The pros and cons of using QIF are listed in Table 1.

The NLSCY dataset

The NLSCY dataset consists of long-term, population-based survey data collected since 1994, and is designed to evaluate the determinants of developmental outcomes of Canadian children and youth. Each two-year period from 1994 constitutes a cycle [13].

For this paper, we selected a sub-sample of children meeting the inclusion criteria outlined below.

Inclusion criteria

Child must be four or five years old in Cycle 1 of the survey.

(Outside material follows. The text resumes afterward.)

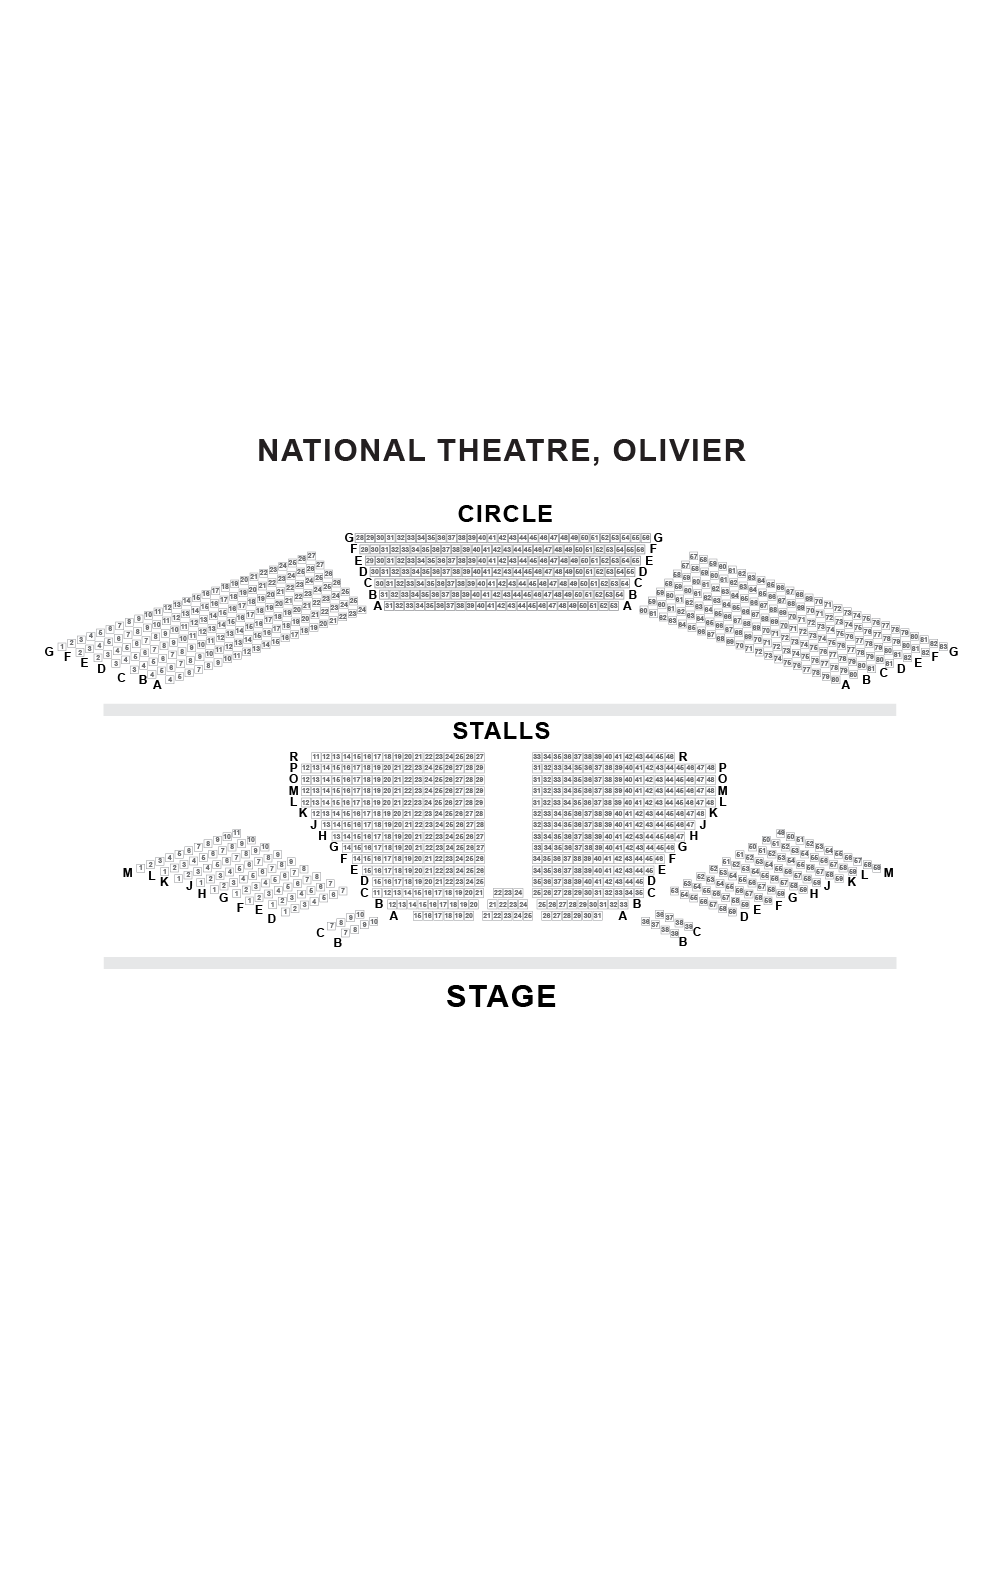 Olivier Theatre, National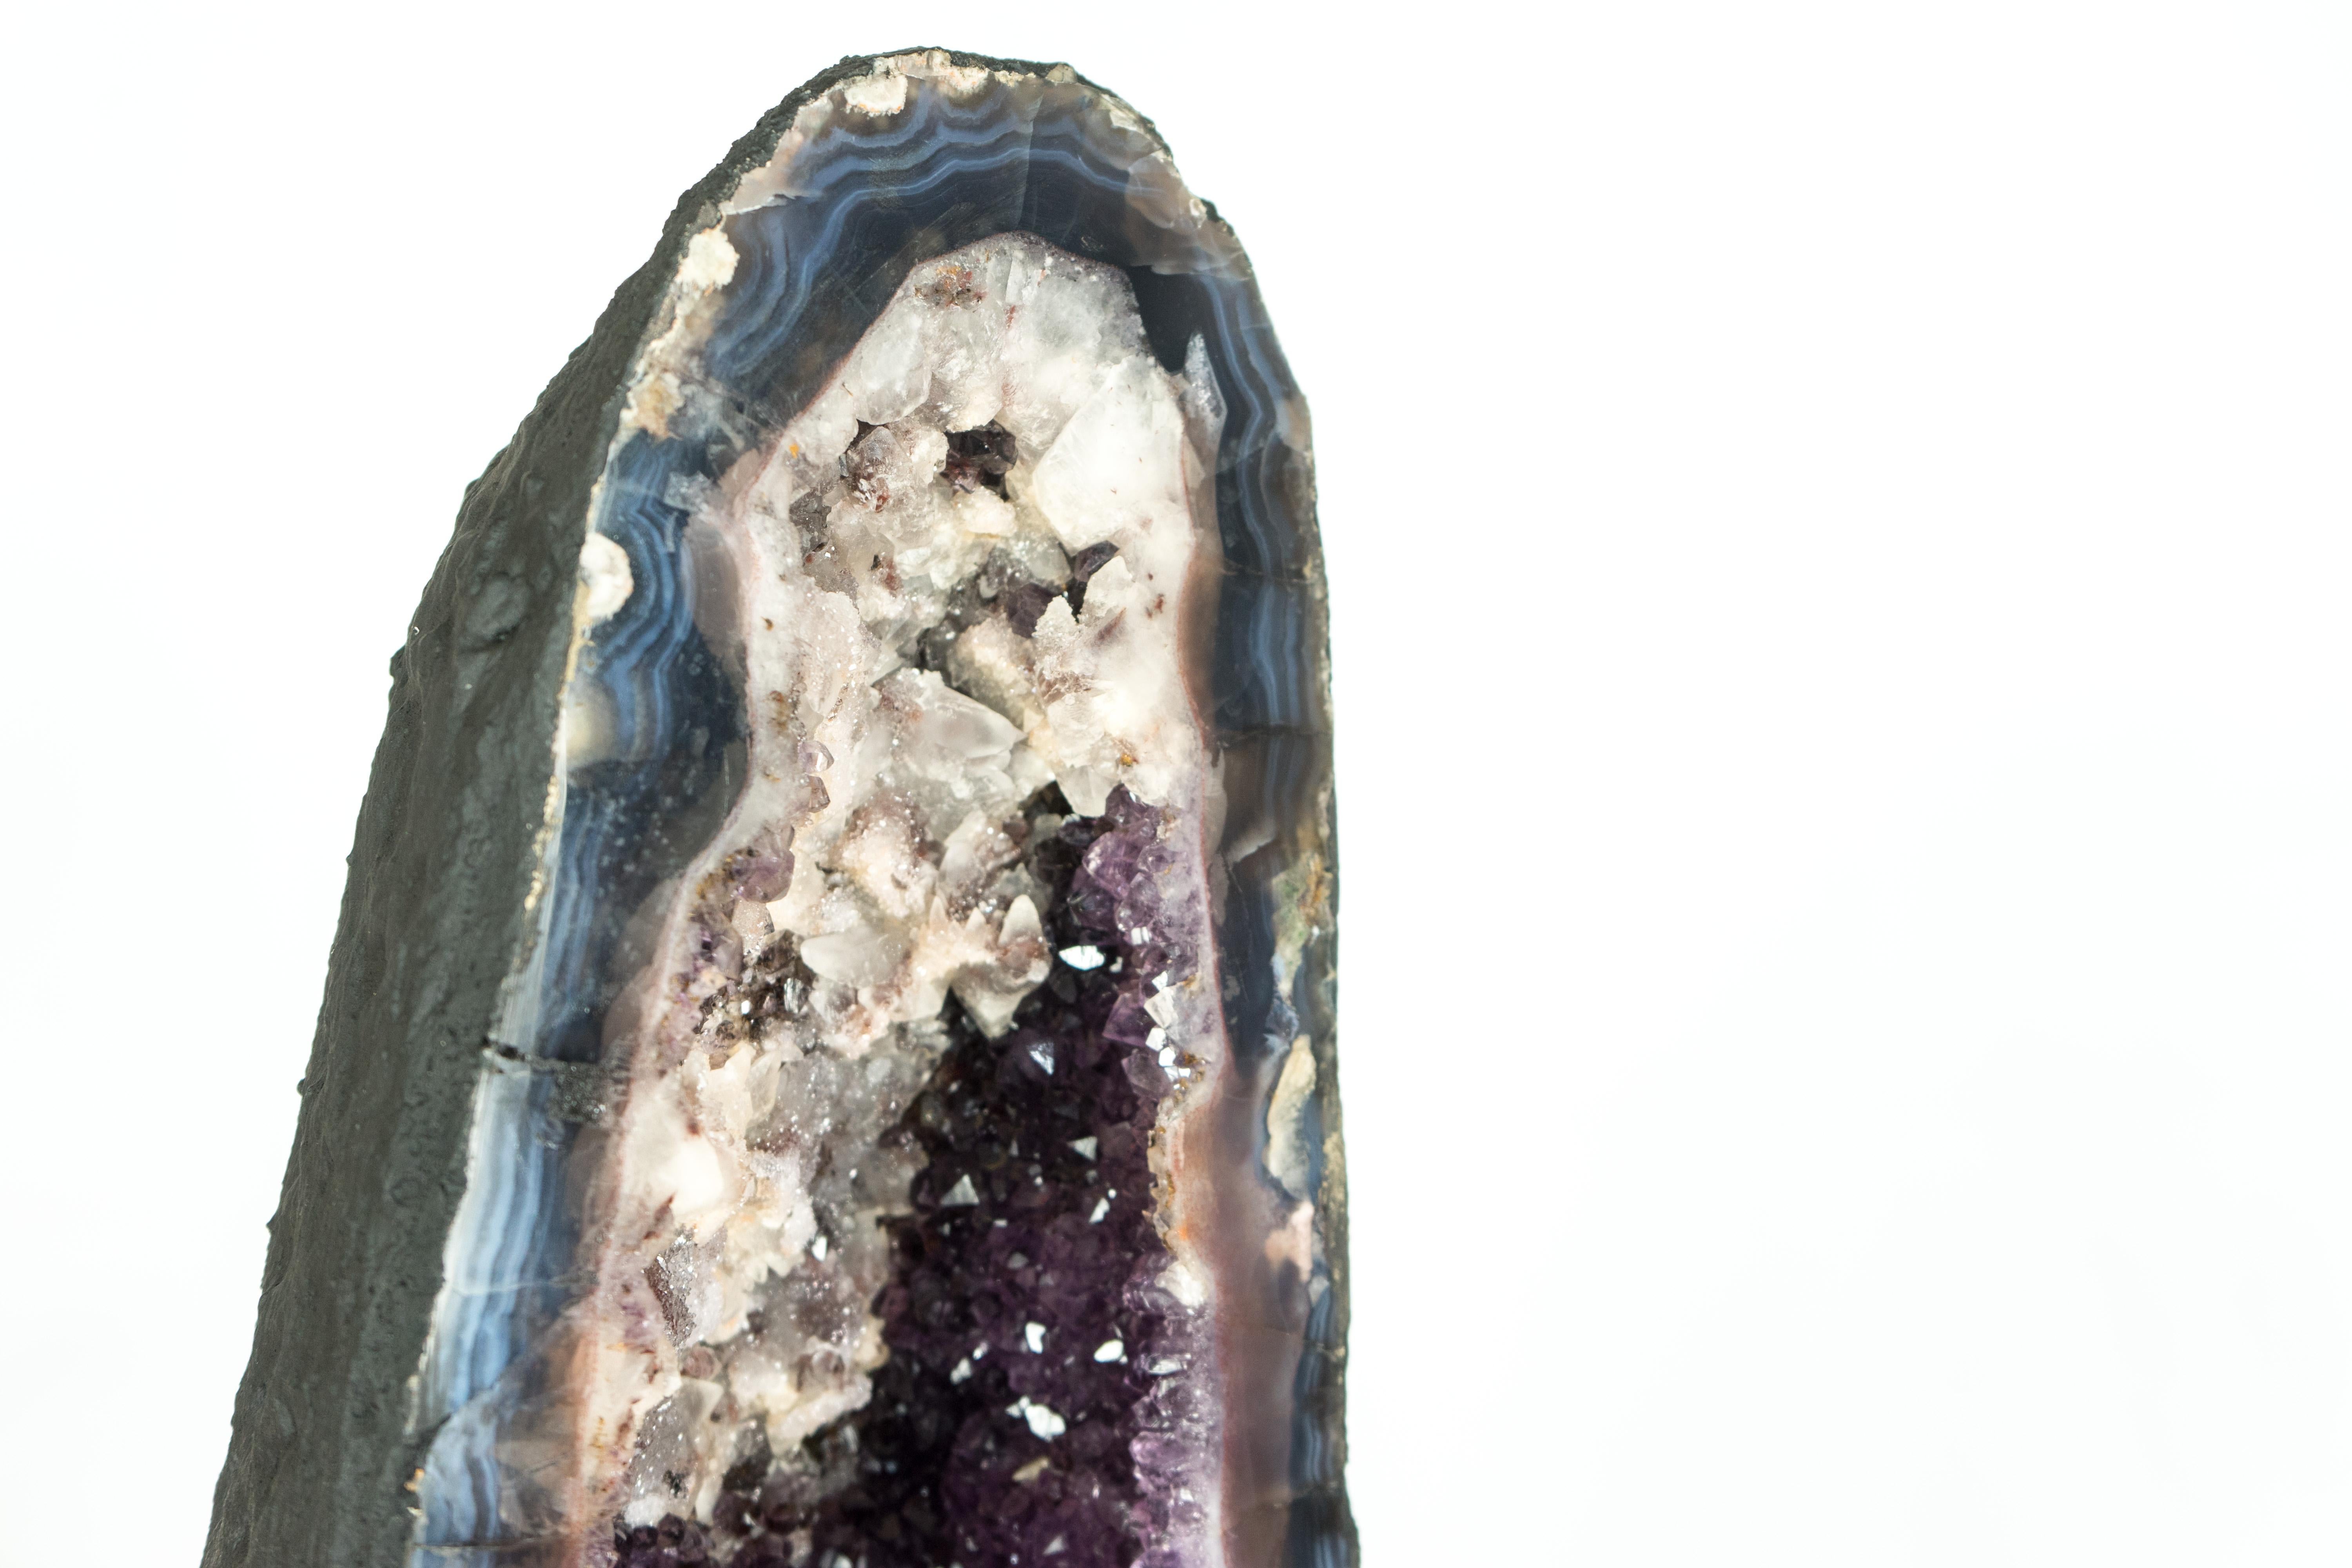 Deep Purple Amethyst Cathedral Geode, with Lace Agate and Calcite, Large & Tall For Sale 2

Child must also have complete data (Cycles 1 to 4) on the following variables: hyperactivity-inattention, age, gender, family functioning, maternal (or person most knowledgeable) depression, household income adequacy, maternal immigration status and maternal educational level. The "person most knowledgeable" (PMK) is usually the child's mother [13].

Sample size

From a total of 2,090 (weighted sample of 795,856) four to five year olds in Cycle 1, a sub-sample of 1,052 (weighted sample of 384,306) children met the inclusion criteria outlined above. A flowchart of this process is shown in Figure 1.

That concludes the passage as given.